A key goal is to raise India’s non-fossil fuel-based energy capacity to 500 GW (gigawatts). This means a heavy-duty installation of solar and wind energy.

The Paris-based International Energy Agency (IEA), however, has already flagged hurdles on this front.

One of the concerns is the financial health of distribution companies (Discoms) that buy electricity from the producers and sell it in retail. There is a need to reduce delays in signing power purchase agreements (PPAs) following solar photovoltaic ((PV) auctions, the IEA report (pdf) suggested.

What is the problem with Discoms?

India accounts for almost 40% of Asia’s renewable capacity expansion and is on its way to becoming the third-largest growth market after China and the US, the report said. In the period 2021-2026, the country is likely to add 121 GW of renewable capacity, an 86% increase from existing capacity, it stated.

However, renewable power projects face risk, according to the IEA report, due to the “poor financial health” of India’s Discoms causing delays in the signing of PPAs.

“Following the second wave of restrictions, their (Discoms) total overdue payments started to rise again in Q2 2021. As a result, they are postponing the finalisation of wind and solar PV PPAs while seeking to renegotiate downwards the contract prices already awarded in competitive tenders,” the report noted.

India’s Central Electricity Authority, in its August 2020 report on the renewable sector, noted that 39.4 GW of renewable power projects were delayed, many due to belated execution or PPA approval.

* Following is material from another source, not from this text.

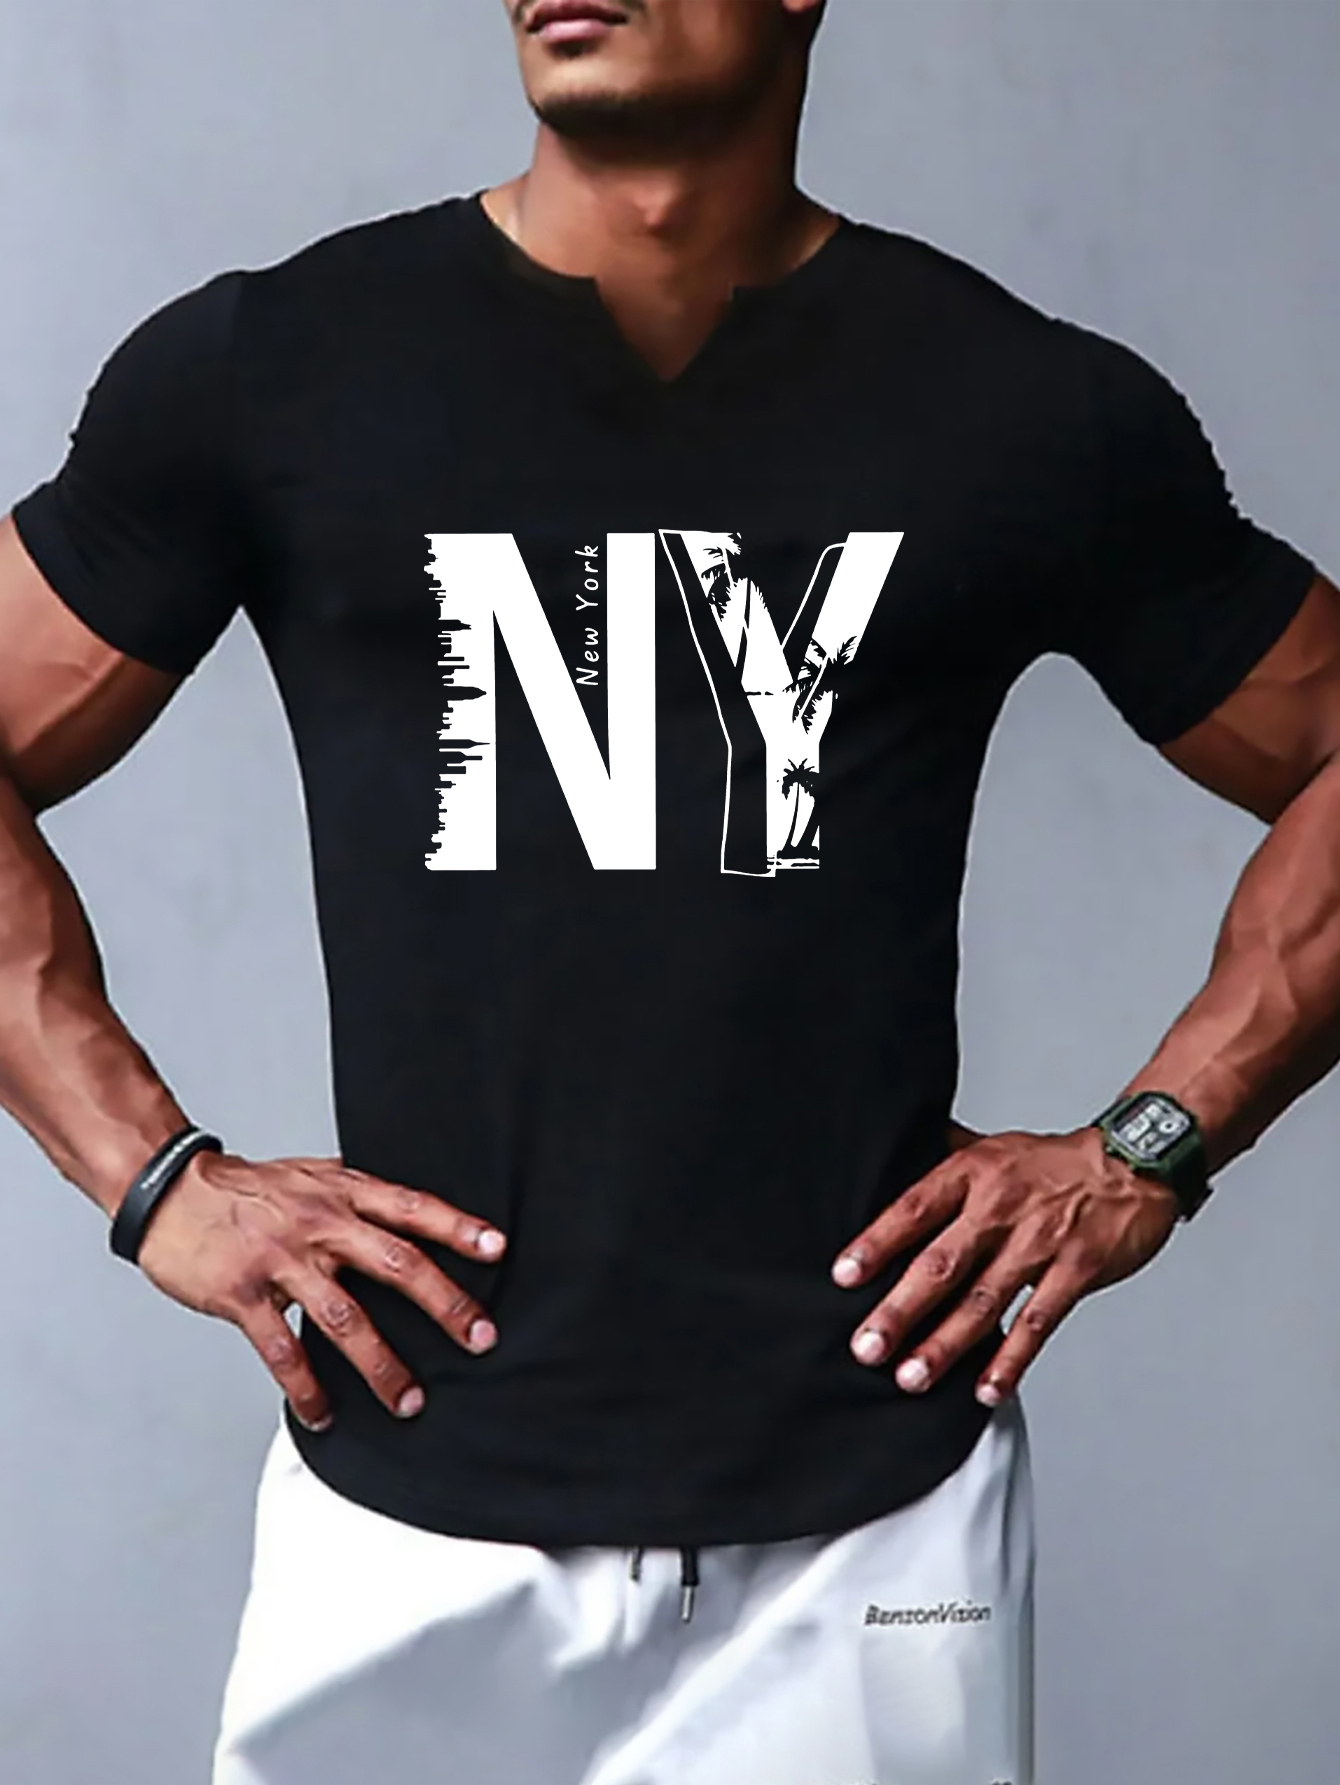 Stylish Letter Pattern Print Men's Comfy Chic T-shirt, Graphic Tee

“Delays in execution or approval of the PSAs create business uncertainty for the developer, who is suspended in limbo for months. As tariffs fall, the uncertainty becomes exacerbated,” said Deepto Roy, partner at a law firm Shardul Amarchand Mangaldas.

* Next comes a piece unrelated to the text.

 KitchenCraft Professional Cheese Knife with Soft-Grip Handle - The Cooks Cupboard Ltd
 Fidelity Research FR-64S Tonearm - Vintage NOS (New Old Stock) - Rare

Why are power deals delayed?

In India, all utility-scale power purchase is done through a competitive bidding process, where the tariff is discovered through an auction process. Unfortunately, there is no regulatory supervision.

While low tariffs for solar energy solve the purpose, Discoms, the ultimate buyers of power, see no incentive to get into a long-term contract at what they consider to be higher prices. Under the power sale agreements, central government intermediaries like NTPC and Solar Energy Corporation of India charge a trading margin from Discoms.

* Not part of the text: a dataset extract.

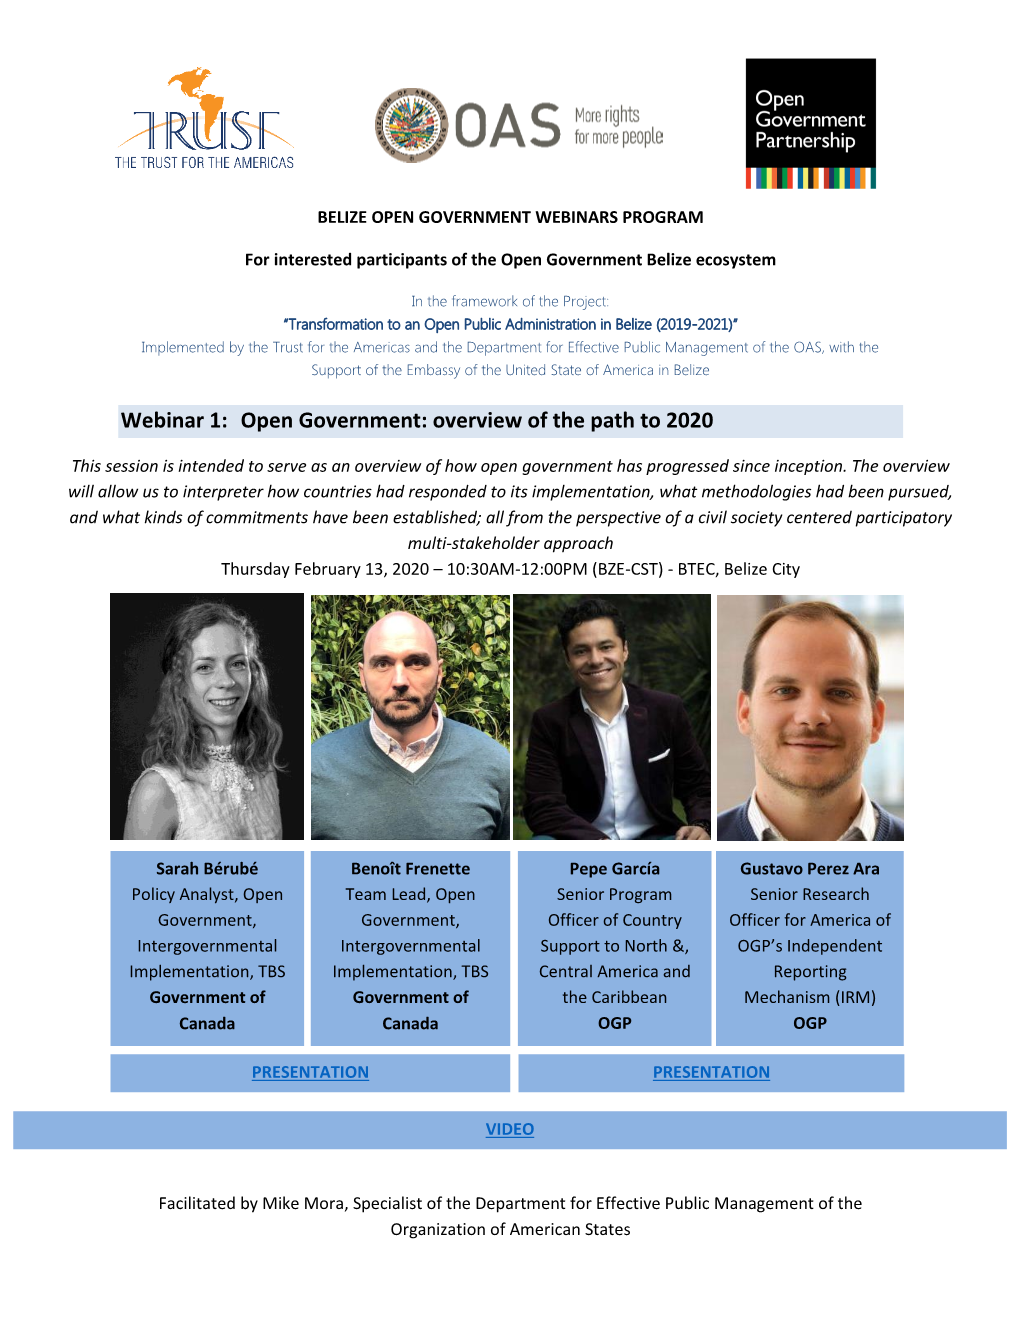 Webinar 1: Open Government: Overview of the Path to 2020

To make things worse, multiple regulators have jurisdiction over approvals depending on the nature of the projects. For instance, the Central Electricity Regulatory Commission usually has the authority over procurement and trading margin while the state electricity regulator oversees capacity.

This results in a cumbersome regulatory mechanism.

The year 2020 was particularly slow for the sector. Reduced mobility and supply chain challenges amid the covid-19 pandemic led to a 44% drop in installations in 2020.

Another reason for their slow expansion or even project cancellation is rising commodity prices, which increase the cost of equipment, specifically those of solar panels. Starting April, the duty on solar power panels imported from countries like China will increase from 14% to 40%, the report stated.

Besides, there are persistent challenges in procuring land and also risks associated with securing grid connections.

What does the government need to do?

IEA has highlighted that without increased government help in land procurement, India’s capacity additions in wind energy will be flat until 2026.

If the limit for net metering—a mechanism to export surplus energy generated by domestic or commercial solar panel users—is increased from 10 kW to 500 kW, along with a new proposal for commercial installations, growth could be stimulated, the report said.

While the government has tried to improve Discoms’ finances, IEA believes more needs to be done to identify suitable sites for wind and solar PV and to provide grid connections.

Financing options for small commercial and residential consumers, along with raising public awareness, is another key area of focus.

“Public awareness also remains low, which altogether leads to subdued deployment despite high economic attractiveness in many Indian states,” IEA said.